原子力発電・核燃料サイクル技術等検討小委員会:事故リスクのコスト

※記載の図に誤植がありました。お詫びして訂正いたします。

 原子力委員会が設置した原子力発電・核燃料サイクル技術等検討小委員会(以下、技術小委)が事故リスクのコストを算出した。これは、国家戦略室のコスト検証委員会の依頼によるものだ。依頼は、事故リスクと核燃料サイクルコストの二つであるが、ここでは事故リスクについて報告したい。

 結論からいうと事故リスクのコストは算出できなかった! 委員会の報告を見れば、確かに計算結果の表が掲げられているが、それは最小のものだ。今後増えていくとの注釈付き結論だ。これでは依頼にこたえたとは言えない。とはいえ、あたかも事故リスクのコストが計算されたかのような装いで、数値が一人歩きするとすれば(そうなりそうだが)、これは大きな誤解を招き、判断を誤ることになる。

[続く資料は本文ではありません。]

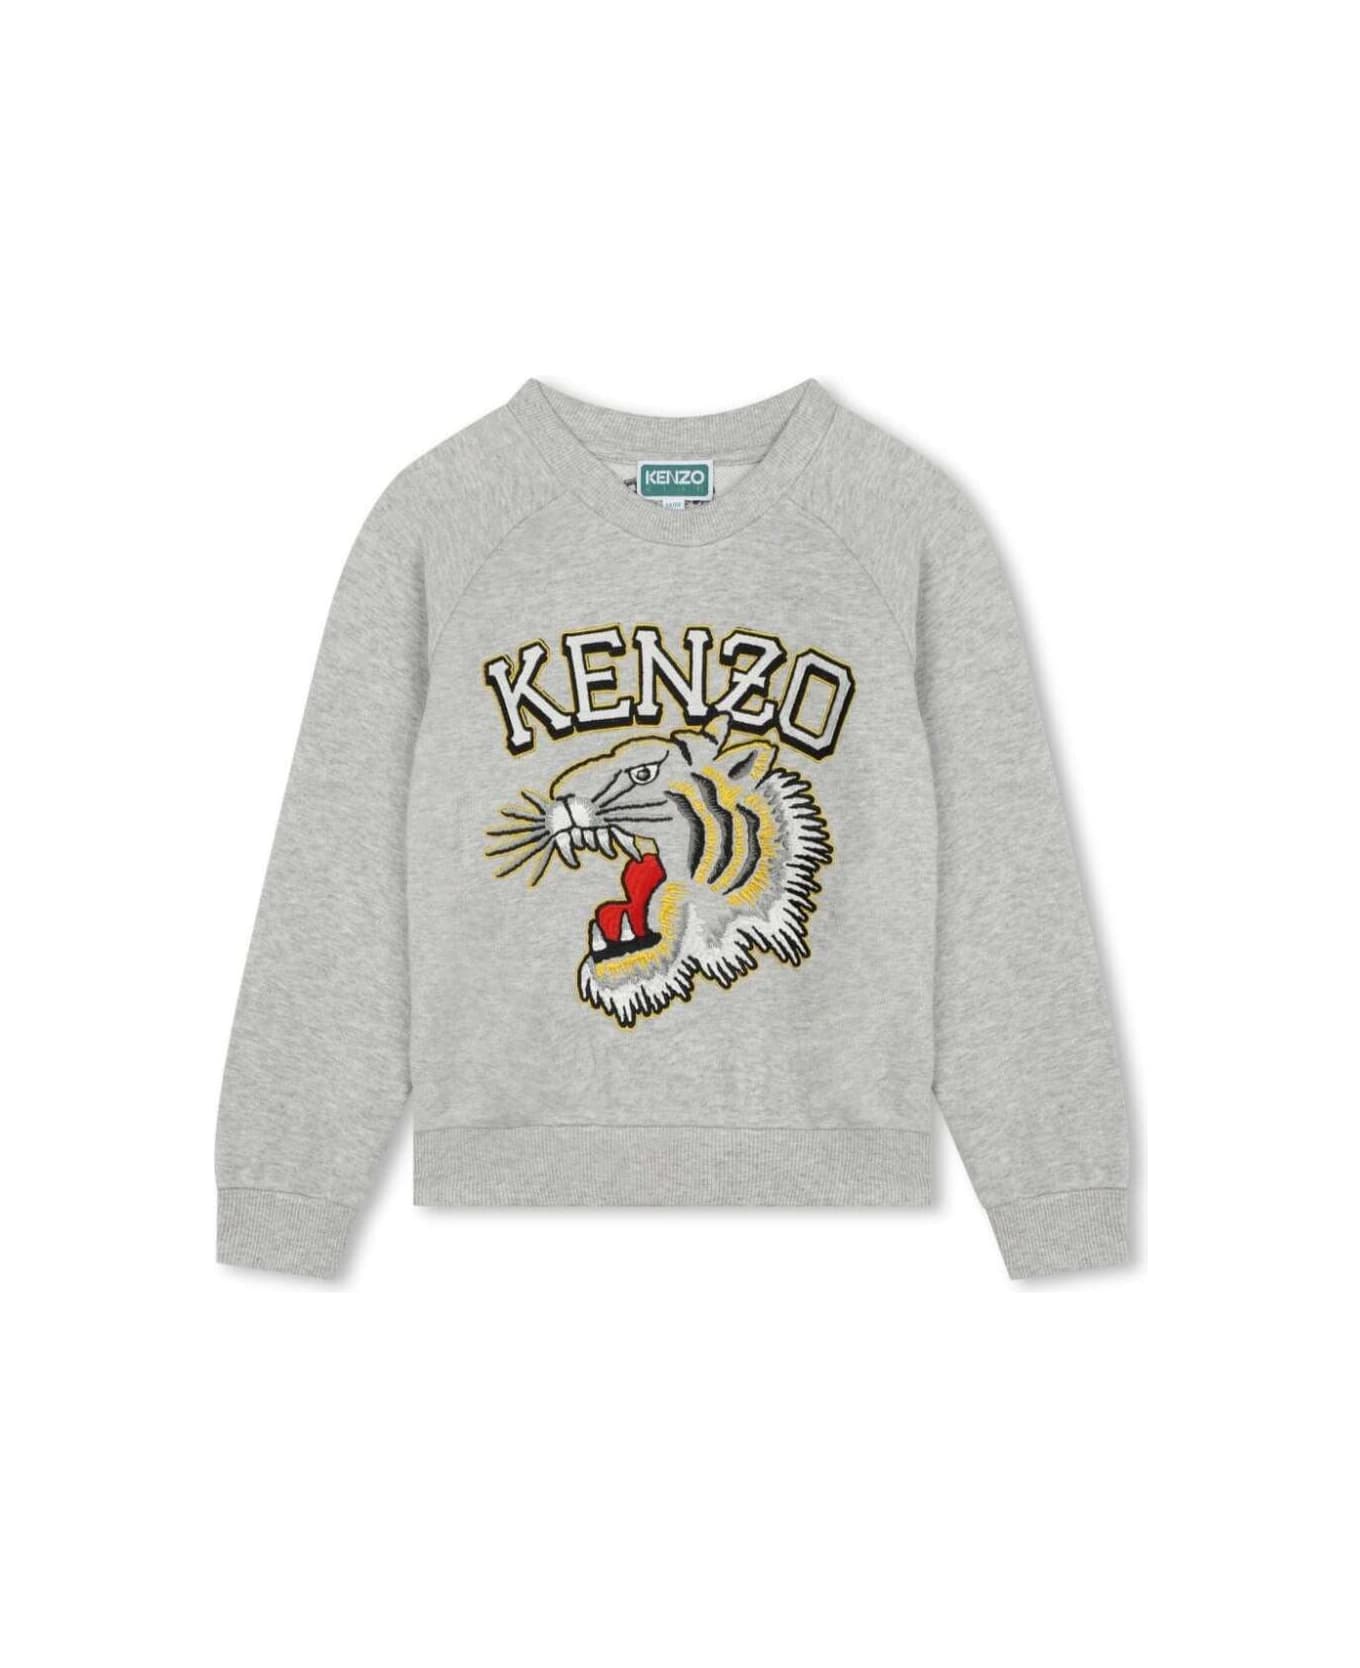 Kenzo Kids K60323a47 - Grey

 その可能性に対抗するために、筆者は独自の試算を行ない意見書として提出した。この意見書が出た事実が報告書まとめ案に書き込まれた。この試算はそれなりに大きく報道された。マスコミ各社が原子力委員会側の評価結果があまりにも現実離れしているとの印象を持ったからだろう。

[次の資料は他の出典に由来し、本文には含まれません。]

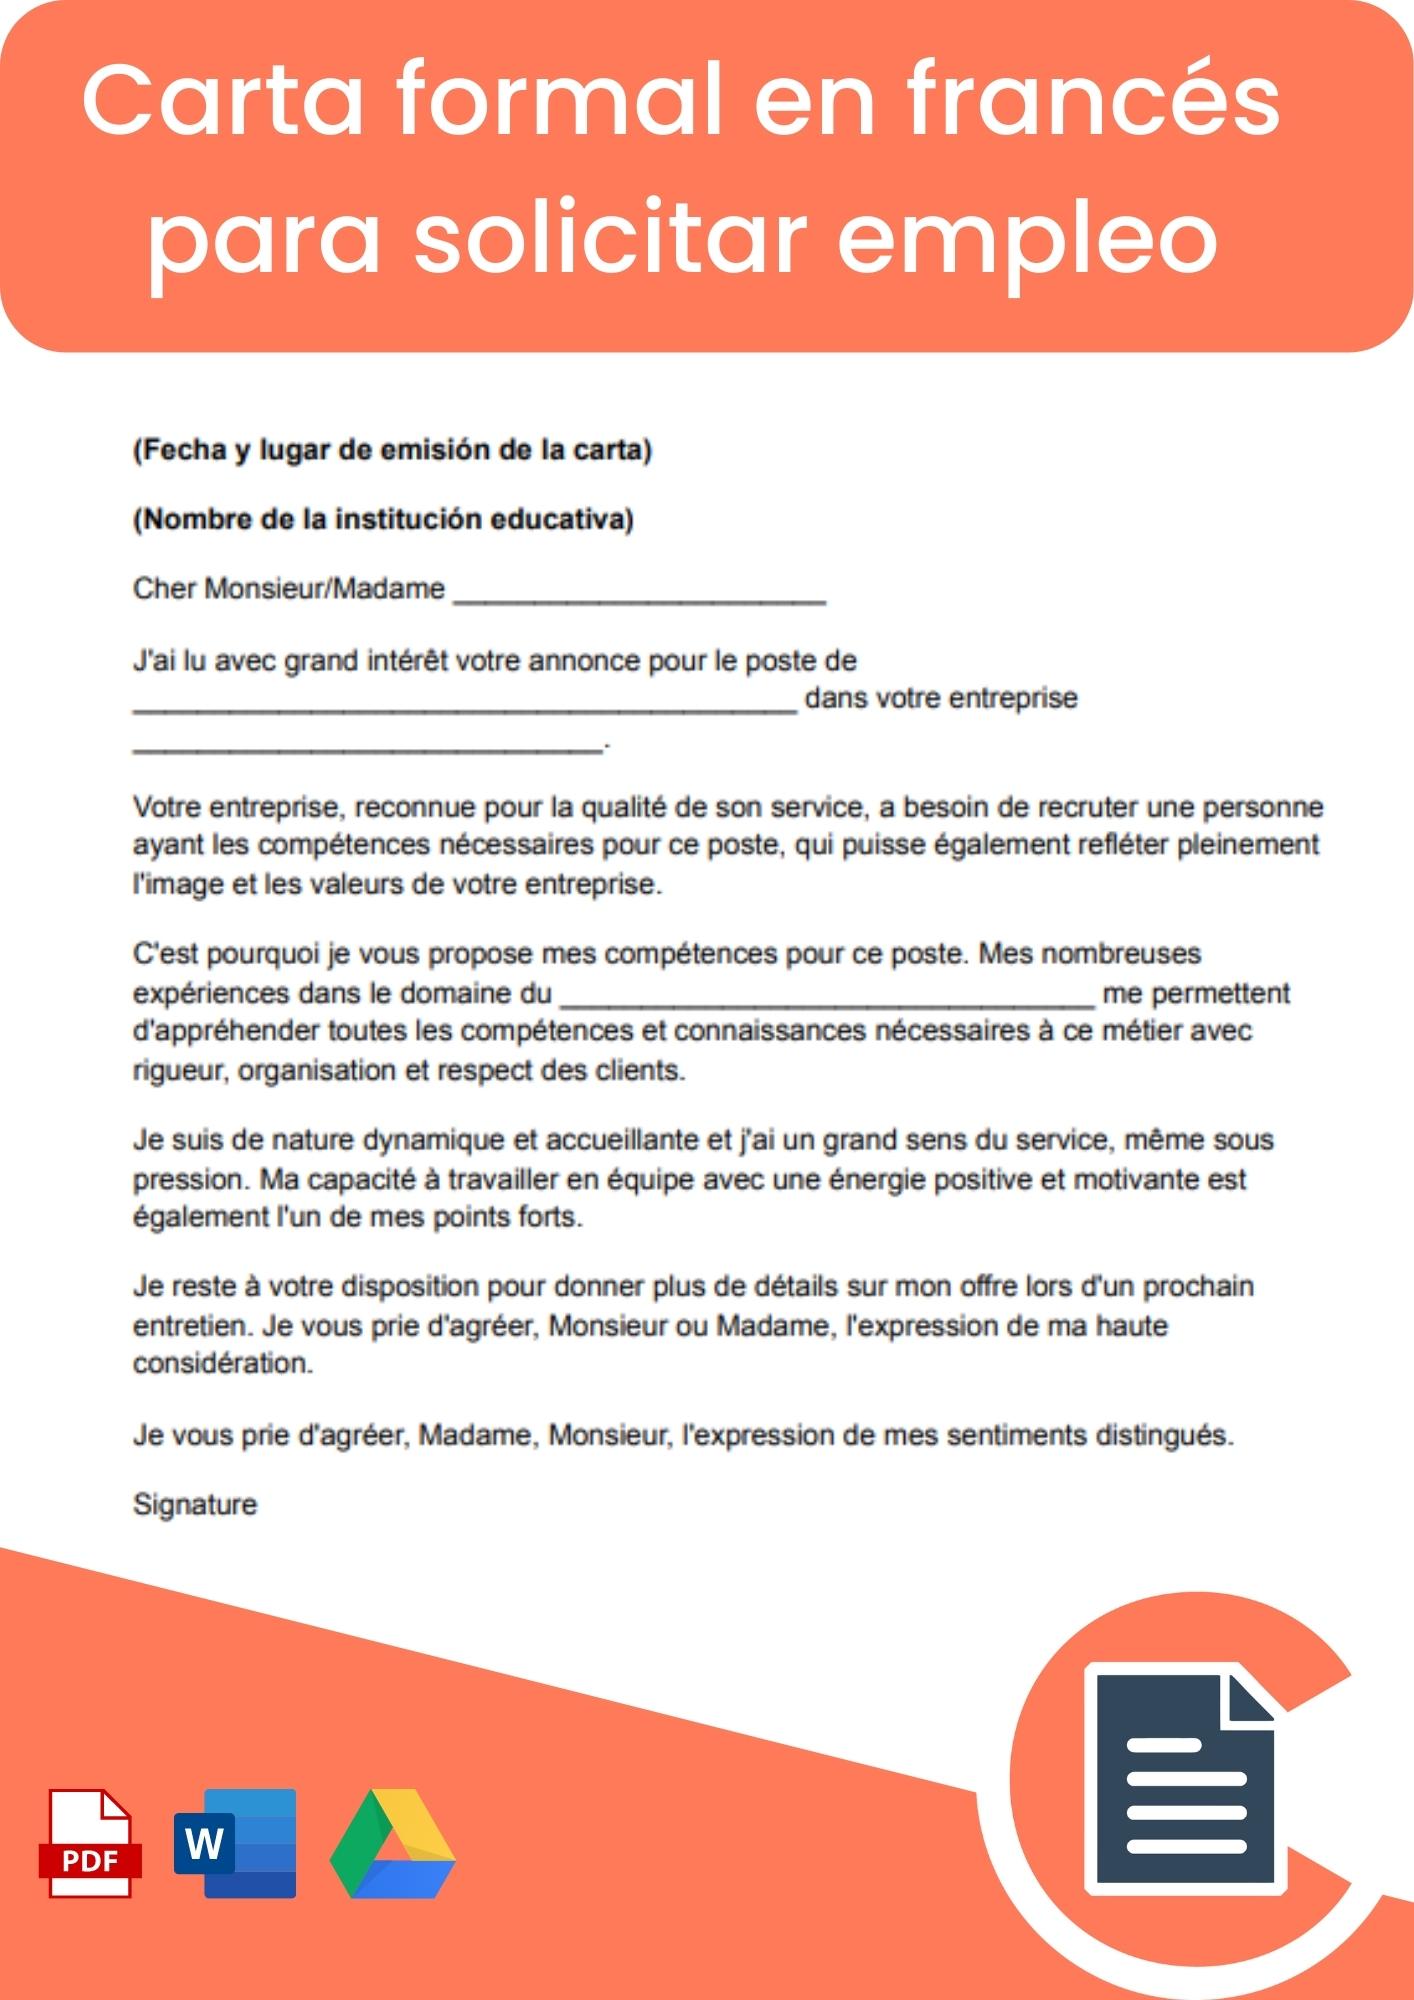 Carta formal en francés para solicitar empleo

 この試算は第17回原子力委員会に提出された日本経済研究センターの事故処理費用の推計の最大値20兆円(20?圏内の土地買い上げ費用+所得補償+廃炉費用)に広域除染費用を推定したものだ。広域除染費用は1ミリシーベルト以下にするという政府の方針を受けて、文科省が発表している汚染マップから除染すべきエリアを2,000km2とし、飯舘村の除染計画3224億円と同村の面積230km2から求めた。結果は48兆円となった。そうとう粗い見積もりだが、政府の方針通りに除染すれば広範囲になる、除染費用以外にも観光影響への補償や自主避難費用などなど算定するべき費用項目がまだまだあることから、不当に高いこともないだろうと推量した。現実に起きた事故を考える参考とする趣旨から地域特性は考えていない。

 事故リスクは損害額と事故確率の積で求められる。これまで原子力を推進している人たちは、事故リスクというと事故確率だけを問題にし、確率が極めて小さいとの評価のもと、損害額を含める議論を避けてきた。かつて、北海道庁が設置したプルサーマル計画に関する有識者検討会議に招かれたとき、事故リスクは損害額×事故確率だから、双方を評価して道民にはかるべきとの意見を述べた(2008年)が、確率が少ないということで損害額は検討されなかった。

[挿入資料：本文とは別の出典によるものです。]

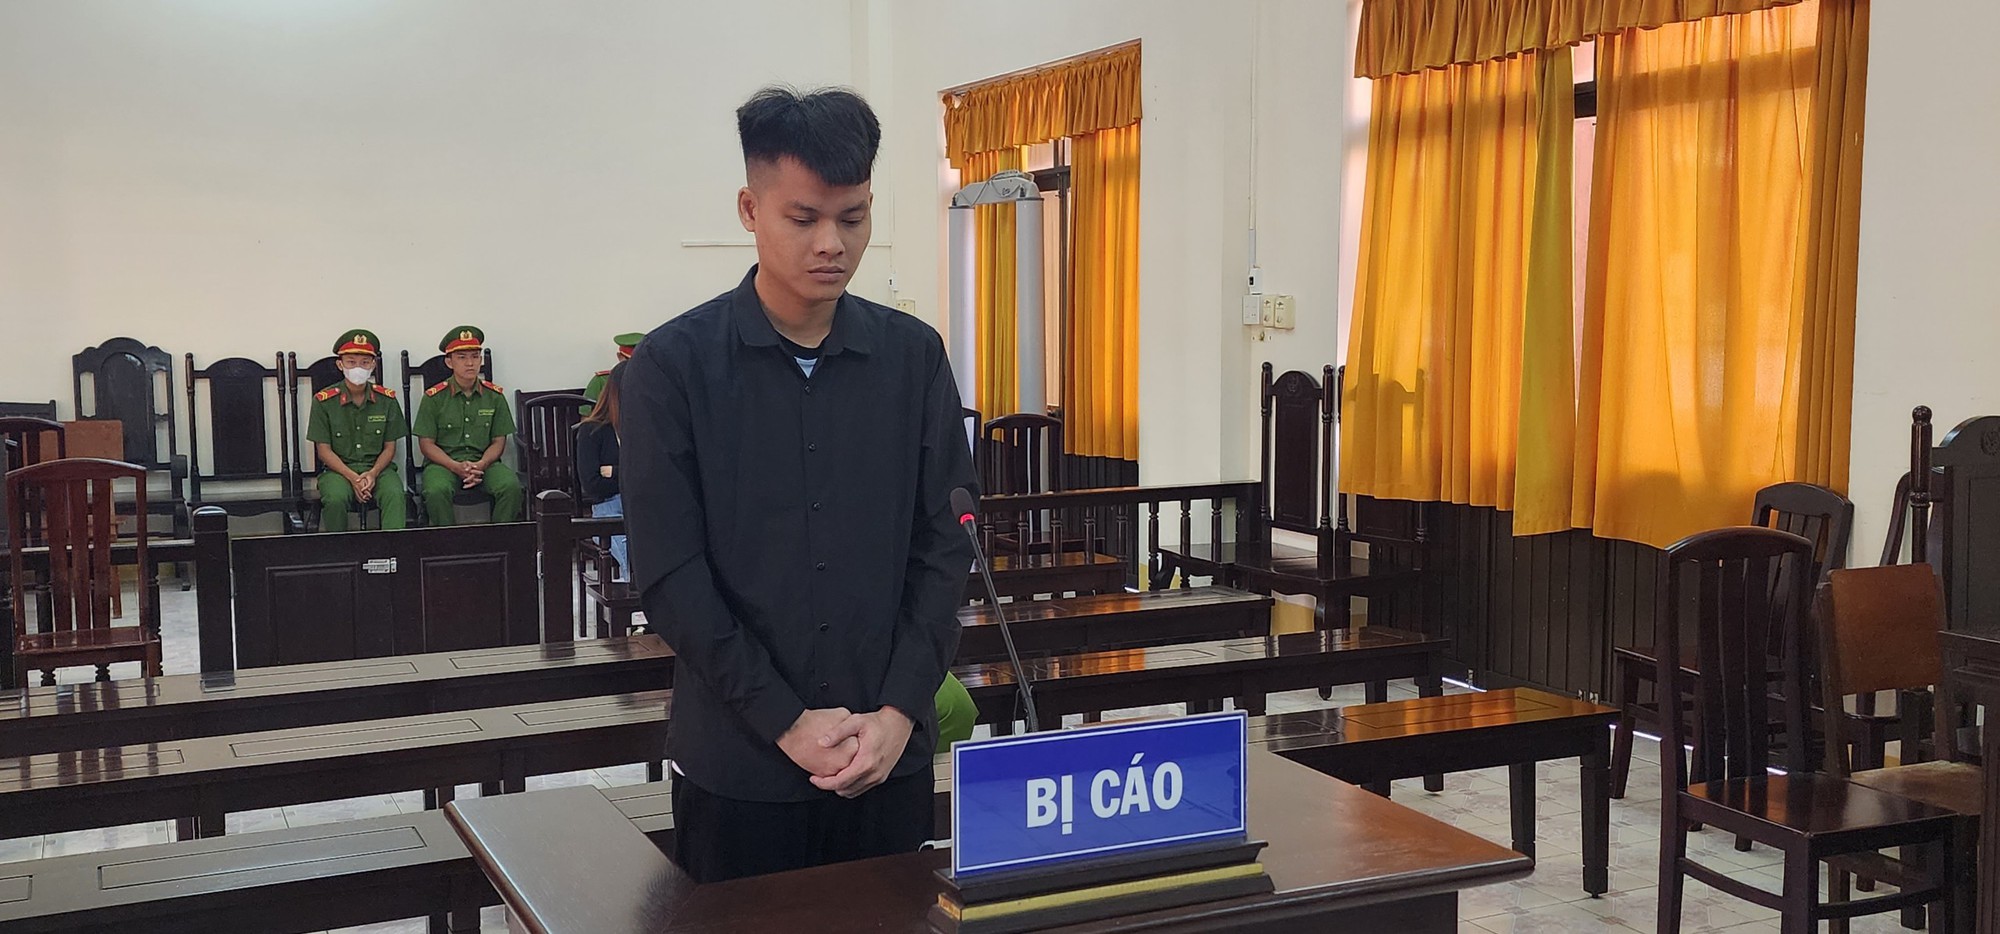 Kiên Giang: Lãnh 9 năm tù vì mua súng phòng thân và tàng trữ ma tuý - Ảnh 1.

 事故リスクのコストは、損害額×事故確率÷発電電力量で求められ、円/kWhという結果となる。120万キロワットの原発を建設した場合のコストになるので、発電電力量は単純に計算できる。コスト検証委員会からは、設備利用率を60%、70%、80%の3パターンで表記するように求められている。問題となるのは、損害額と事故確率だ。

 損害額は、公表された数値を参考することにし、含まれていない費用があることを明記することになった。具体的には「東京電力に関する経営・財務調査委員会」の報告書(2011年10月)に基づく5.7兆円が採用された。コスト等検証委員会からの依頼事項は、「将来顕在化する可能性のあるコストを算出する必要があります」となっているのに、正面からの回答を避けたことになる。依頼事項を意識して、費用が1兆円増すごとの追加コストを書くことで済ませた。このことに筆者は違和感を覚えたが、同時に将来費用の推定を、原子力を推進してきた人たちが行なうことへの疑問も強かった。あの手この手を使って、極力低く見積もろうとするからだ。

 この5.7兆円はいったん出力案分や福島県のケースを全国平均化する作業が行なわれたが、出力案分については、技術小委や新大綱策定会議で必ずしも出力案分は妥当でないとの意見が出た結果、一部だけを出力案分し、5兆円で評価することになった。

 事故確率は議論が激突したところだ。山名元委員はIAEAの安全目標をもとに10万分の1の確率を主張した。筆者は既存原発が運転継続されるとすれば、これは採用できないと反論し、現実に起きた福島原発事故を事例とするべきと主張した。500炉年に1回という結果である。山名元委員は、なおも運転再開する原発は安全対策が強化されているはずだから、強化されなければ動かないのだから、10万分の1で評価し、500炉年に1度は付記する事項とするべきと主張した。田中知委員からは世界の実績で評価する意見も出されたが、筆者はなおもこれらに抵抗した。松村敏弘委員は保険の観点から、500炉年に1度は決して高い数値ではないとの意見が出て、元の両論併記案が最終的に採用されて、11月10日の原子力委員会でこれが了承された。結果を表にまとめた。しかしあくまでもこれは最少のリスクであることを明記しておきたい。
 後は、コスト等検証委員会での判断に委ねたい。ただ、東電が前年度の決算時までに支出した費用がどのような扱いになっているのか、チェックするべきことが残っているので、課題とし、今後の小委員会での話題にしていきたい。